• [Prompt]:
All that is needed is an exact repetition of the lines from the one containing "Seaweeds underwater and" through the final line of the material, without pictures.

• [Data provided]:
◇ ◇ ◇

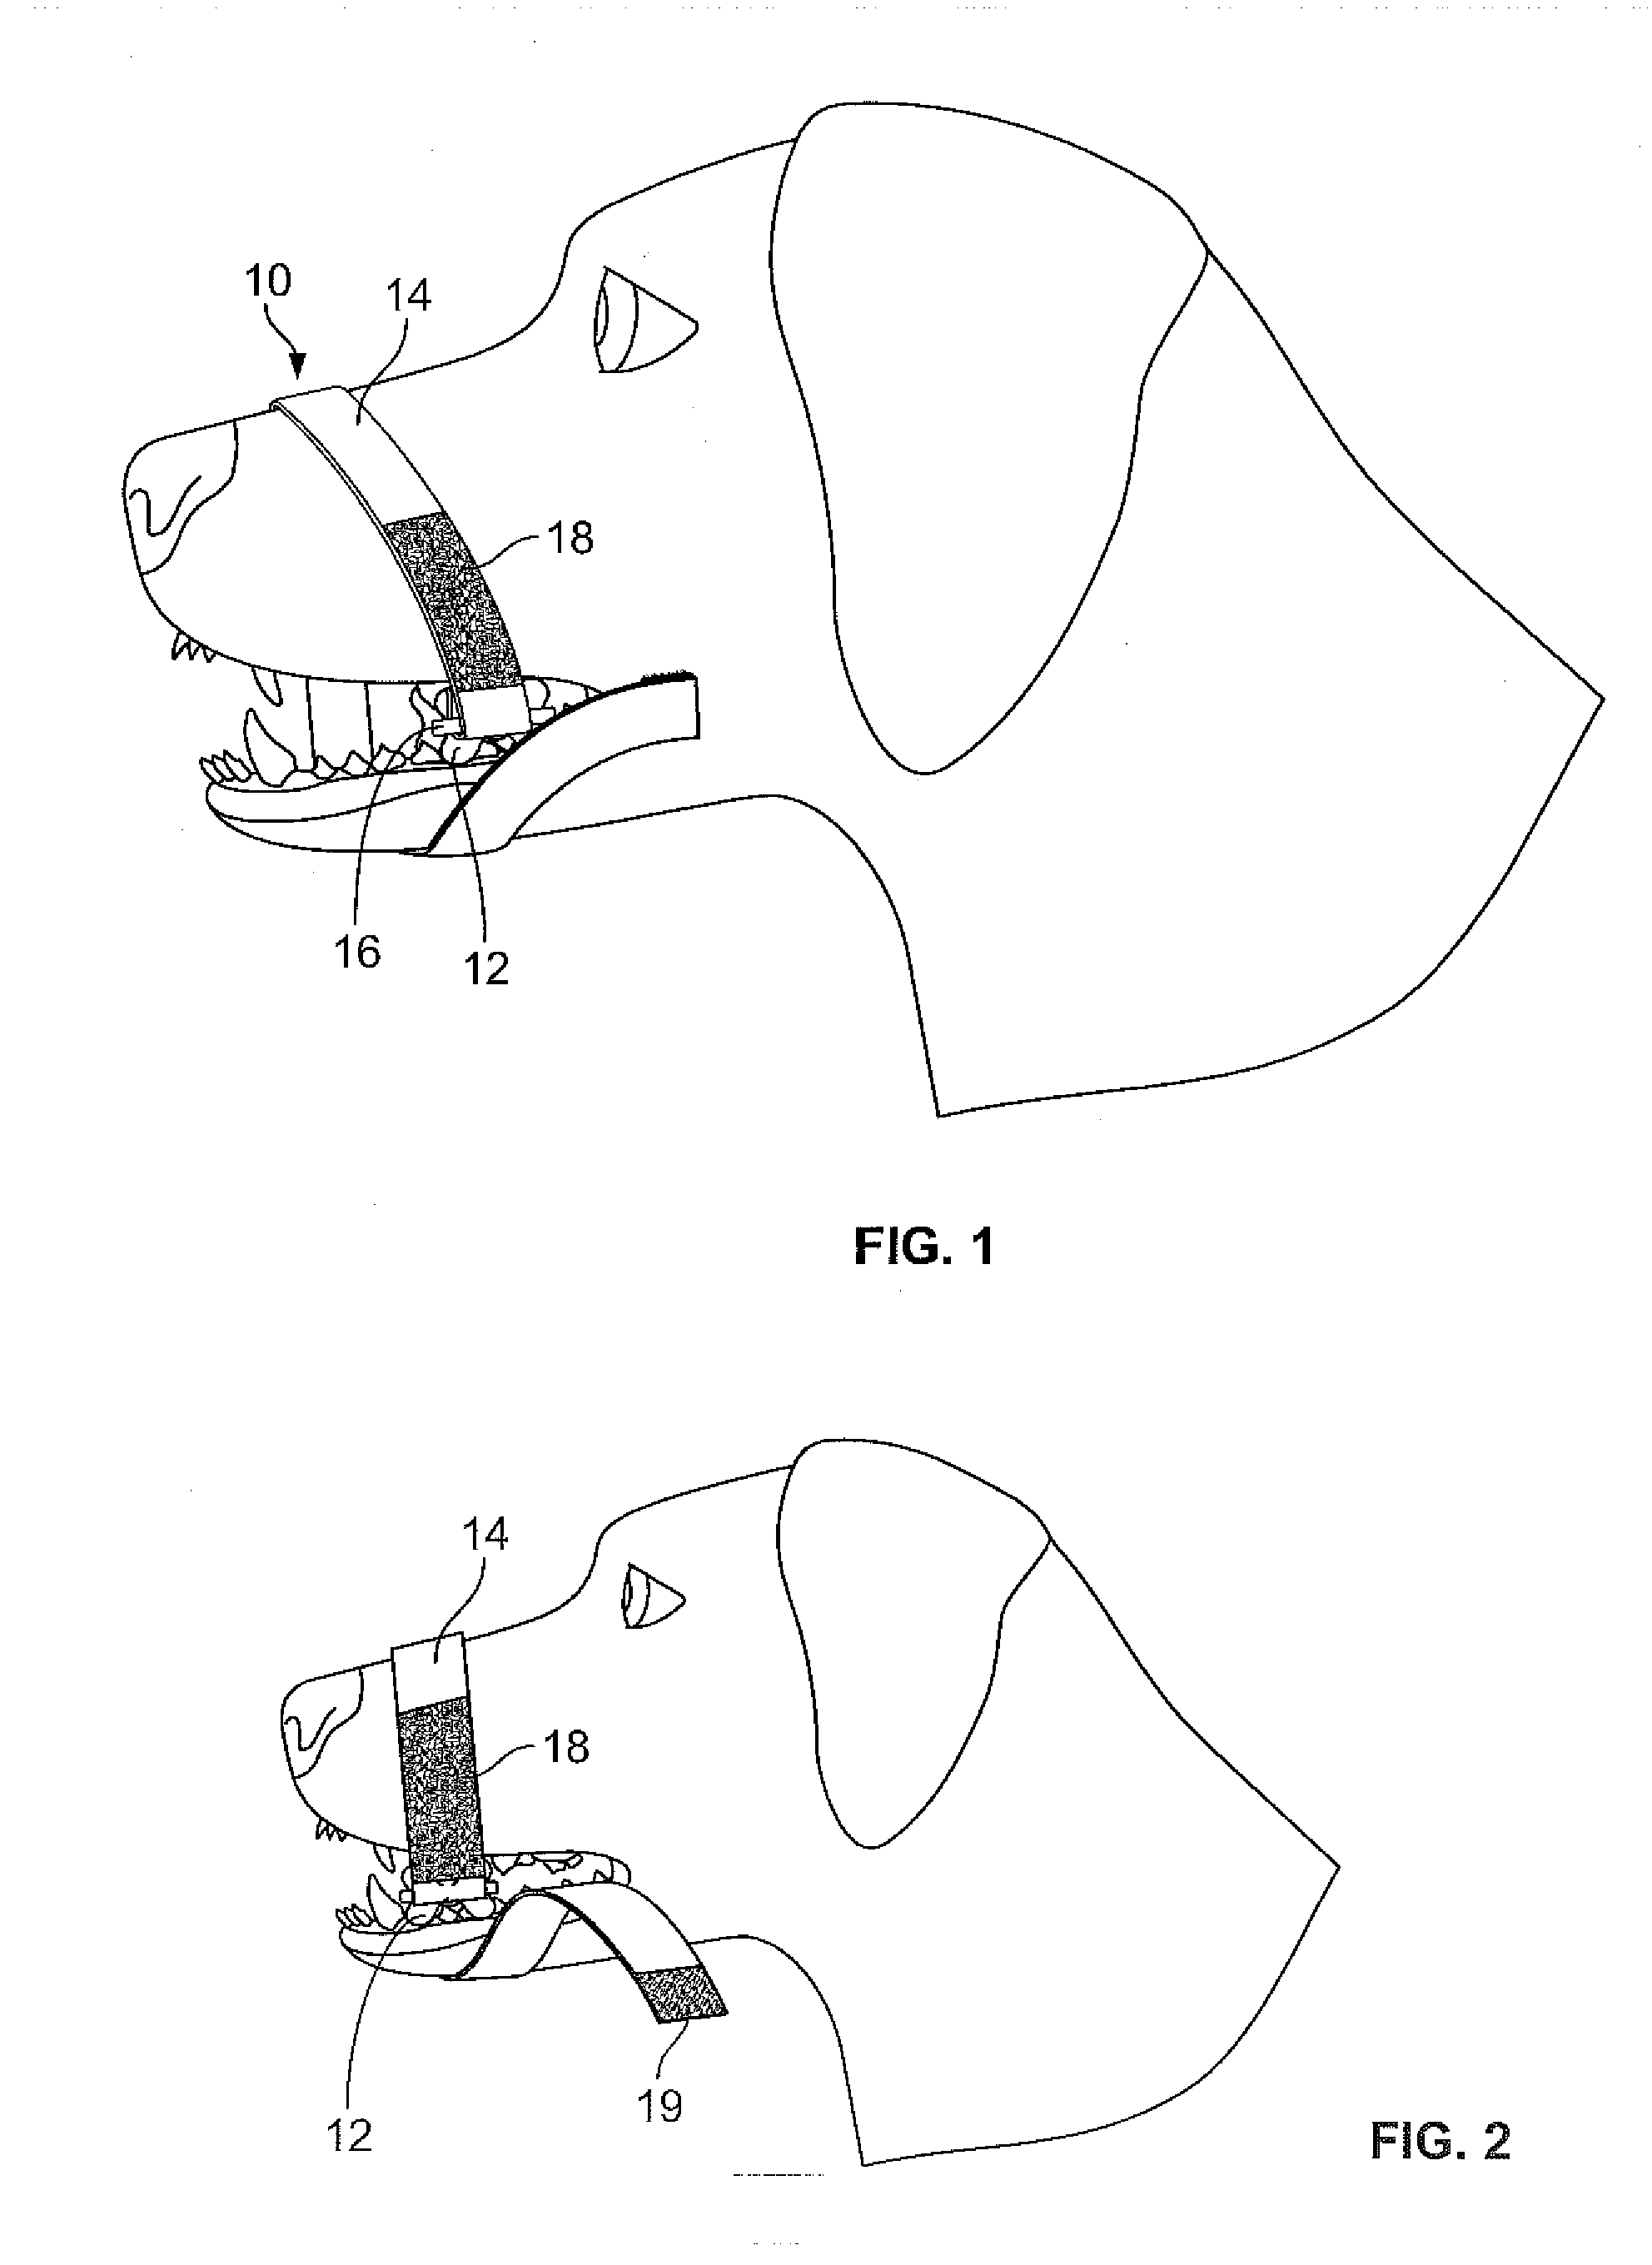 Apparatus for holding open the mouth of an animal with its jaws in a fixed relationship for performing a medical or dental procedure
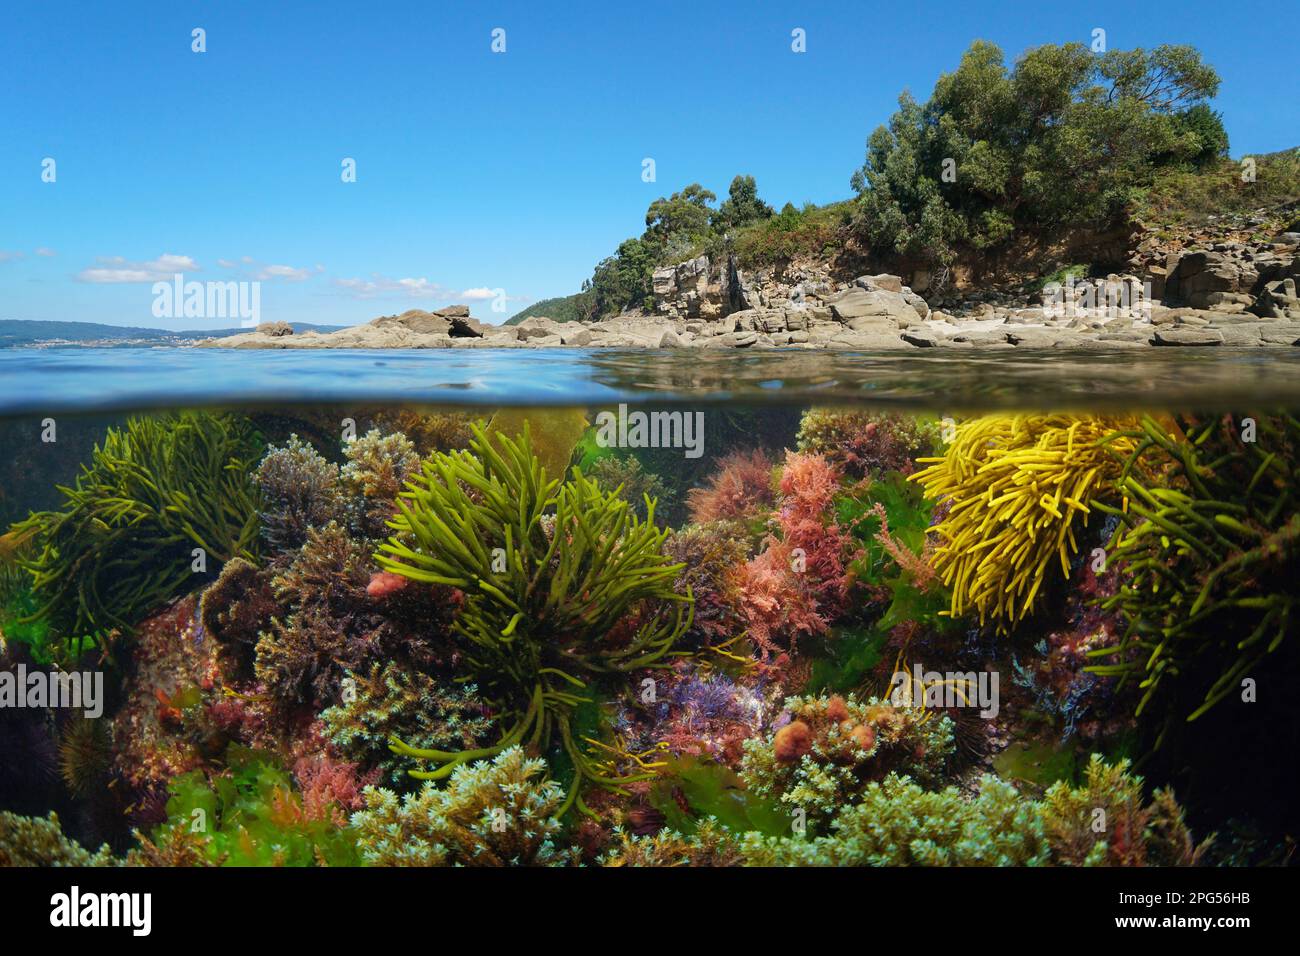 Seaweeds underwater and the coastline, Atlantic ocean, Spain, Galicia, split level view over and under water surface Stock Photo
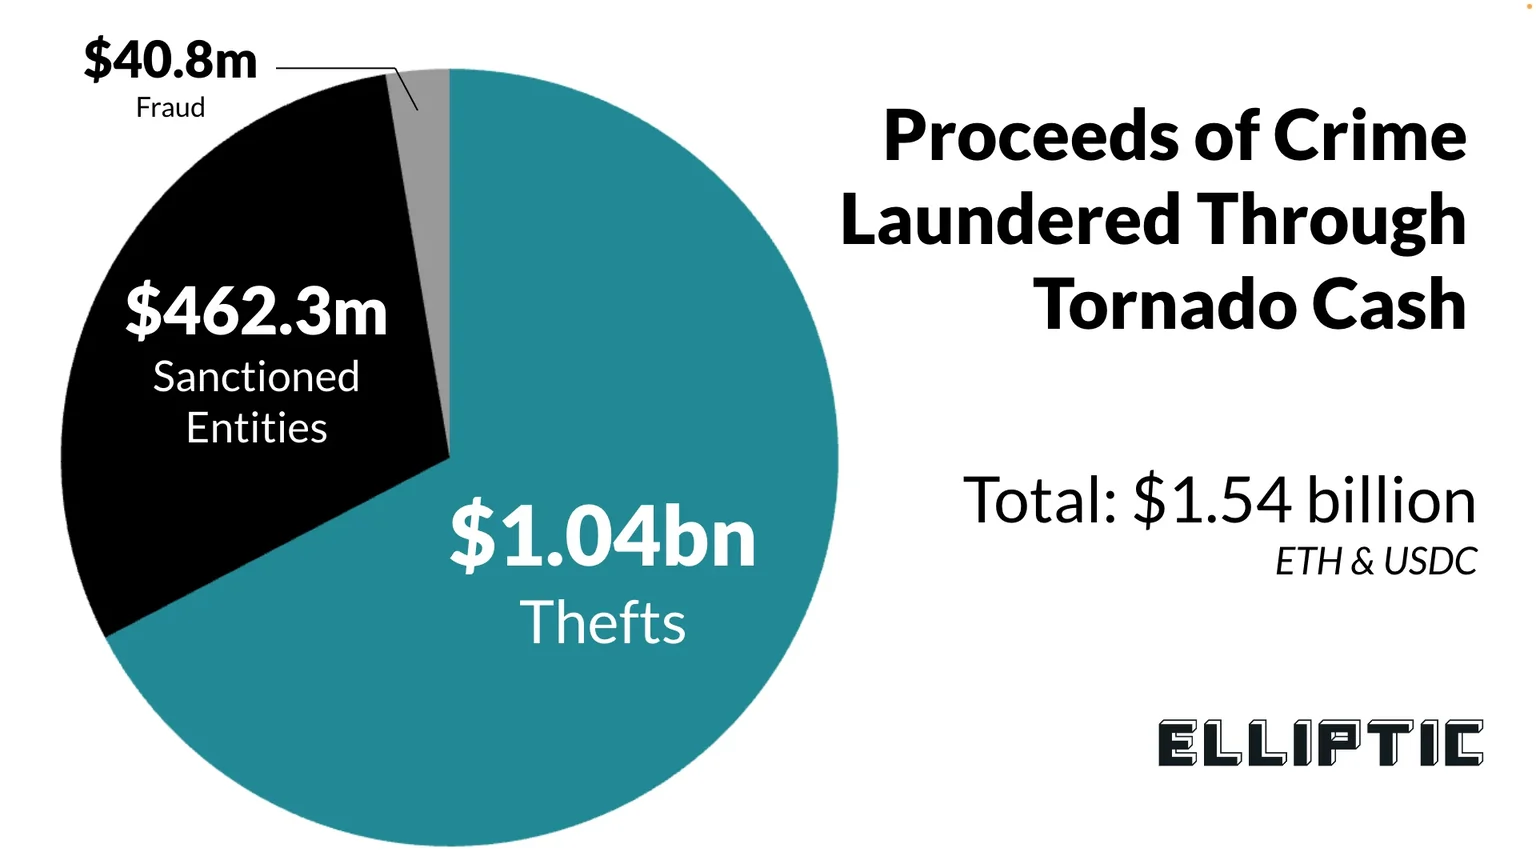 A pie chart showing the breakdown of illicit funds on Tornado Cash.

◇ ◇ ◇

• [Answer section]:
 Seaweeds underwater and the coastline, Atlantic ocean, Spain, Galicia, split level view over and under water surface Stock Photo
 A pie chart showing the breakdown of illicit funds on Tornado Cash.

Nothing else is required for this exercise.